鶯奴推開門來見是她,臉上緩緩露出馨寧柔和的表情,要她進屋坐一坐。芳山惴惴不安,本來只是想問問小書堂旁的屋子還能不能借住一晚,但腦際忽然又浮現了宮主那精神萎靡的模樣,一時又有些搖擺不定,不知該不該說,莫名其妙地在茶座上坐了下來。
才坐下,她又想起自己這一坐有些沒大沒小的,又站起來束手等著。鶯奴掀開珠簾到耳房去了,片刻娉婷而回,手里拿著一個梨木盒子,輕聲放在桌上。
“你把這個帶去給宮主。”掀開蓋子來,是素絹裹的一疊疊的煎草果小餅。這一回是真的草果,熱石上烙的,不是什么替代品。
芳山有些吃驚,這樣麻煩骯臟的事,天樞宮留守的那些個丫頭自會漫山遍野地去弄,怎么要蝕月教主做?她再一想,心便忽然冷下來了,“夫人去過山上了”,她想,宮主說過的一些謊話她都知道了。
但她根本沒猜到鶯奴究竟會借這盒餅子說什么。
鶯奴合上了木盒的蓋子,好像是隨口說的,或是偶然想起來,她說:“我到山上去找野草果,因為宮主說,從前她小的時候也會漫山遍野去找。摸著摸著便找到那地方了,倒也不是專程要去,只是找到了,所以就進去看了看……”

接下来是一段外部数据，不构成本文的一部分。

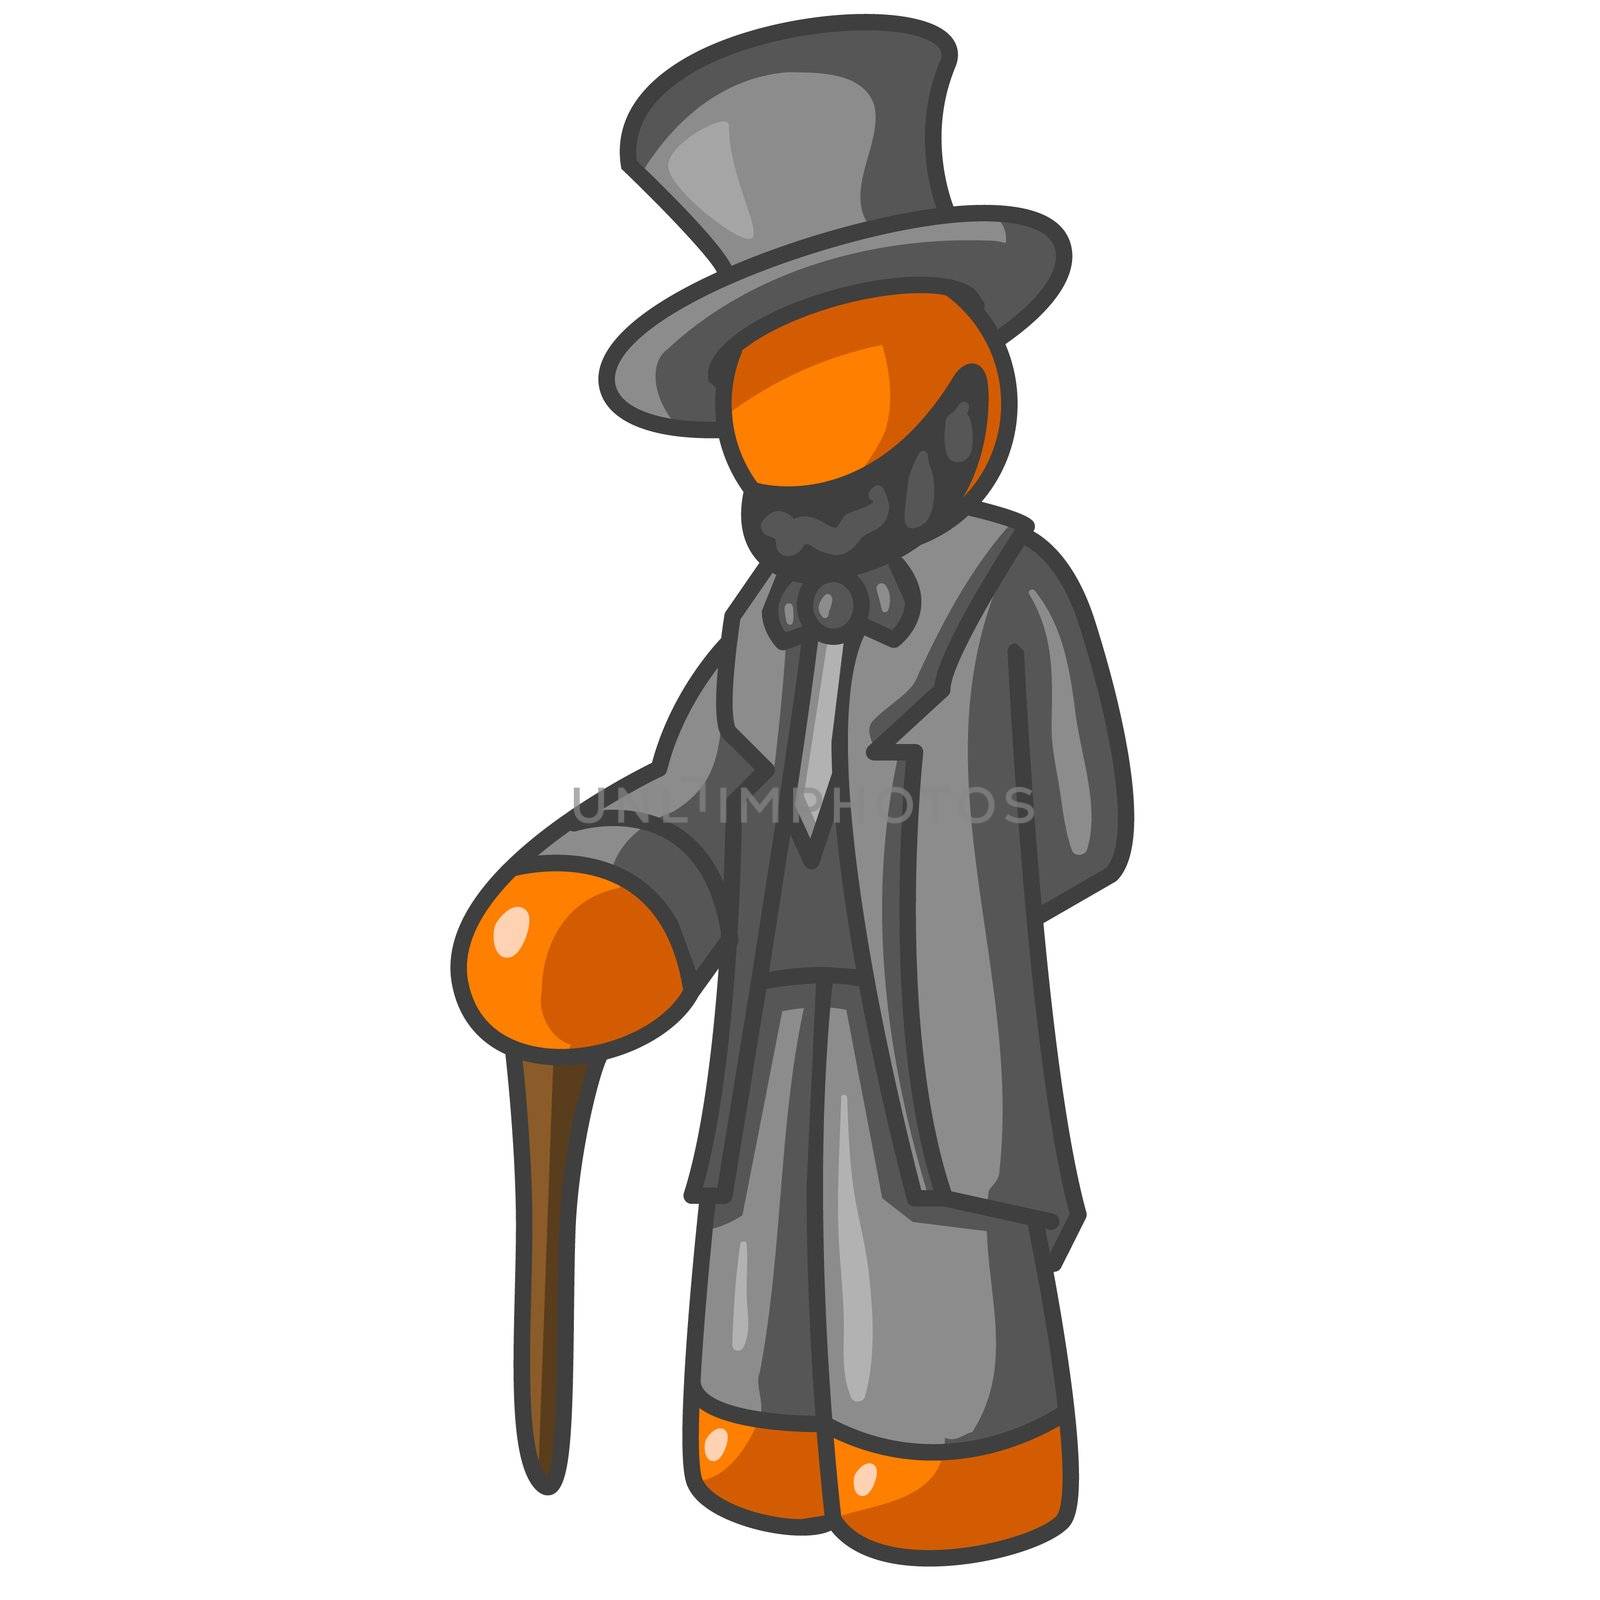 An orange man dressed as president Abraham Lincoln.

芳山并不知她在說哪個地方,但聽到這里的時候便有些本能的退縮,不敢聽下去了。
她找到亡市的入口了。
那是個神秘之處,現在回想起來,三年前在這地宮里的經歷,都像是上輩子的記憶。那時候她還不明白為何這記憶會這樣遙遠、這樣不真切,現在有些明白了,那扇門下面本身便不是地上的世界。古代的天樞宮主會制造一種籠子,籠中是另一個空間。亡市就是這樣的一個籠子。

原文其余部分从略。